После окончания сценки до зрителей из-за занавеса донеслись крики. Это мальчики крайне эмоционально обсуждали случившееся: Ральф ругал Джо, тот оправдывался, сваливая вину на Грифа, который, мол, начал его щекотать, вот он и не выдержал. Но вскоре все смолкло, и занавес вновь открылся для показа следующей живой картины.

Девочки решили напомнить, сколь значительный вклад в события, которым был посвящен сегодняшний праздник, внесли героические и самоотверженные женщины. Часто ведь получалось, что о них забывали, воспевая подвиг одних лишь мужчин. Живая картина носила название «Дочери Свободы». [59] Несколько юных актрис сидели за тонконогим паукообразным столиком. Все они были в нарядах времен молодости своих прабабушек: в больших чепцах, платьях из ткани в цветочек и высоких ботинках на каблуке-рюмочке. Держа в руках чайные чашки, молодые барышни из светского общества обсуждали недавно введенный налог на чай и давали друг другу торжественное обещание никогда больше не пить этого напитка, пока налог не будет отменен. Встав со своего места, Молли, судя по ее горящему взгляду, провозгласила тост: «Свобода навечно и да падут тираны!» Ее соратницы чокаются друг с другом чашками.

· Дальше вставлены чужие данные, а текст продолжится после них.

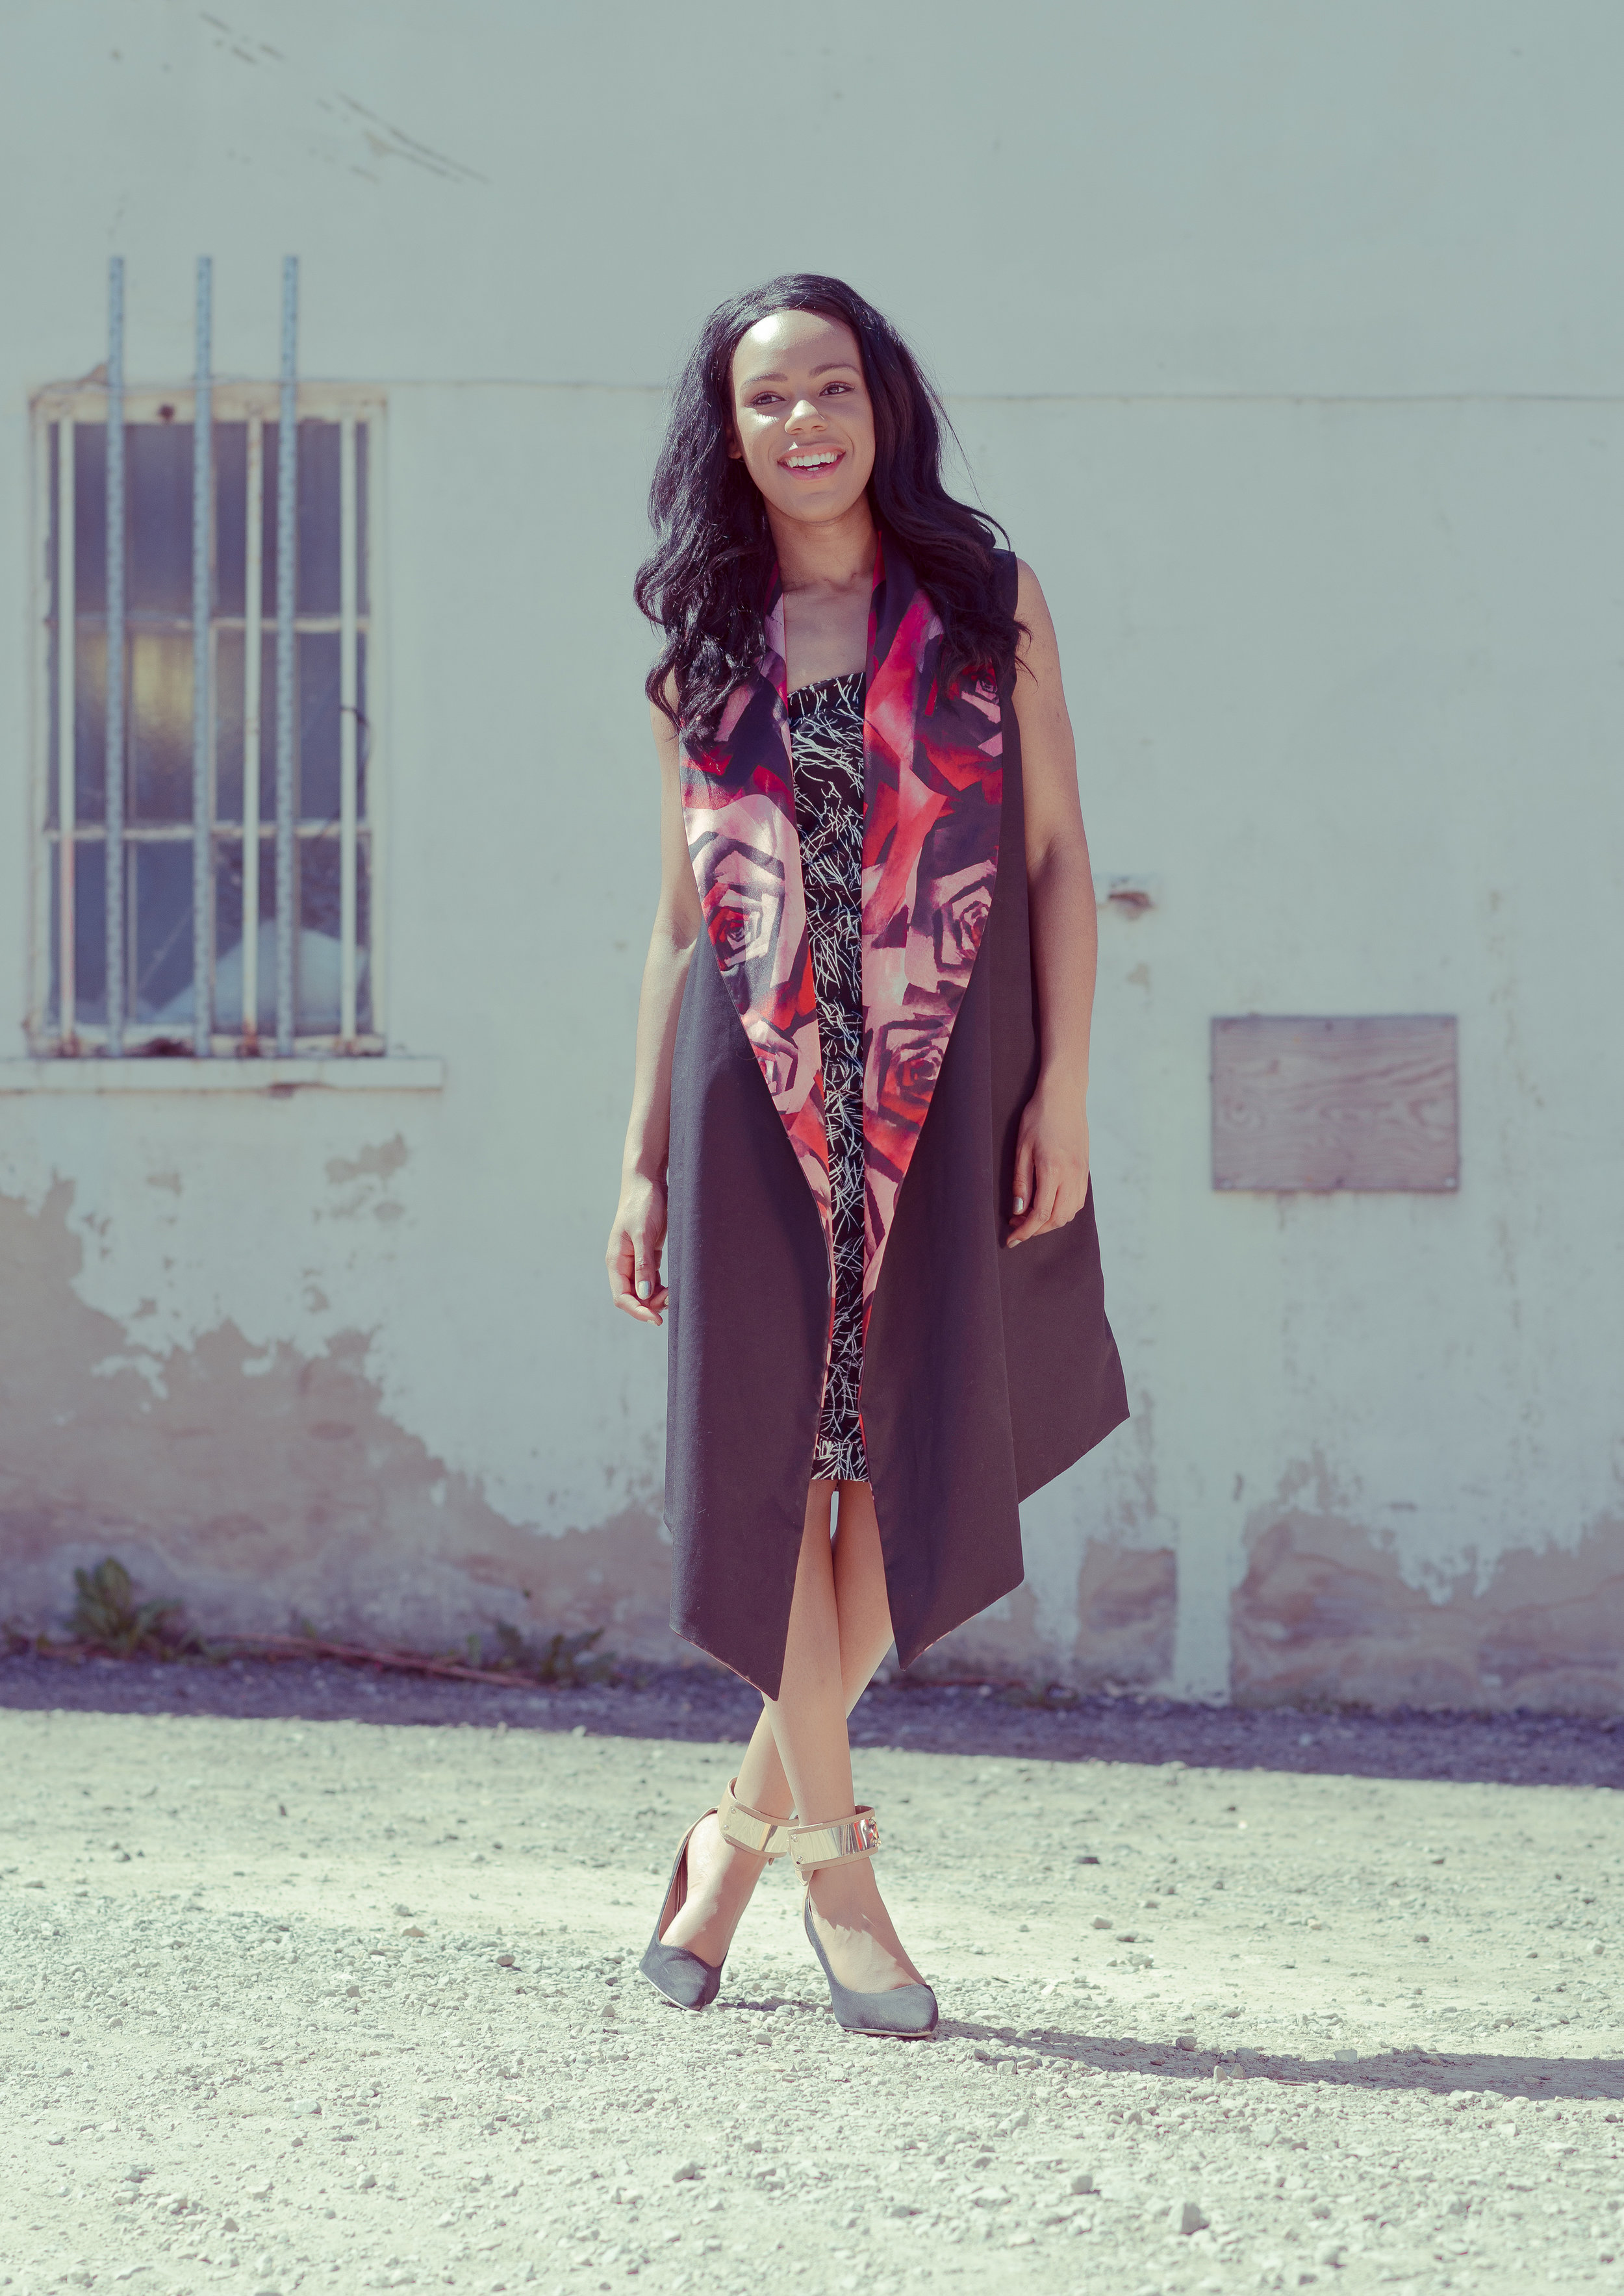 zaramia-ava-zaramiaava-leeds-fashion-designer-ethical-sustainable-tailored-minimalist-emi-red-print-black-jacket-belt-point-skirt-versatile-drape-cowl-styling-womenswear-models-1

Они готовы сразиться за независимость своей страны. Мэри на правах хозяйки дома тянется к старинному чайнику, на котором крупными буквами написано: «Шалфей», чтобы наполнить чашки своих патриотичных подруг для нового тоста.

Занавес опустился под шквал аплодисментов, но через мгновенье снова поднялся. Это родители никак не могли налюбоваться на своих хорошеньких дочерей, до того те предстали перед ними очаровательными в одежде столетней давности. Нескончаемые овации сопровождали звуки шотландской песни «Старое доброе время», [60] очень к месту выбранной Эдом в качестве этакого деликатного намека на то, что наши праматери достойны благодарной памяти потомков не меньше, чем наши праотцы.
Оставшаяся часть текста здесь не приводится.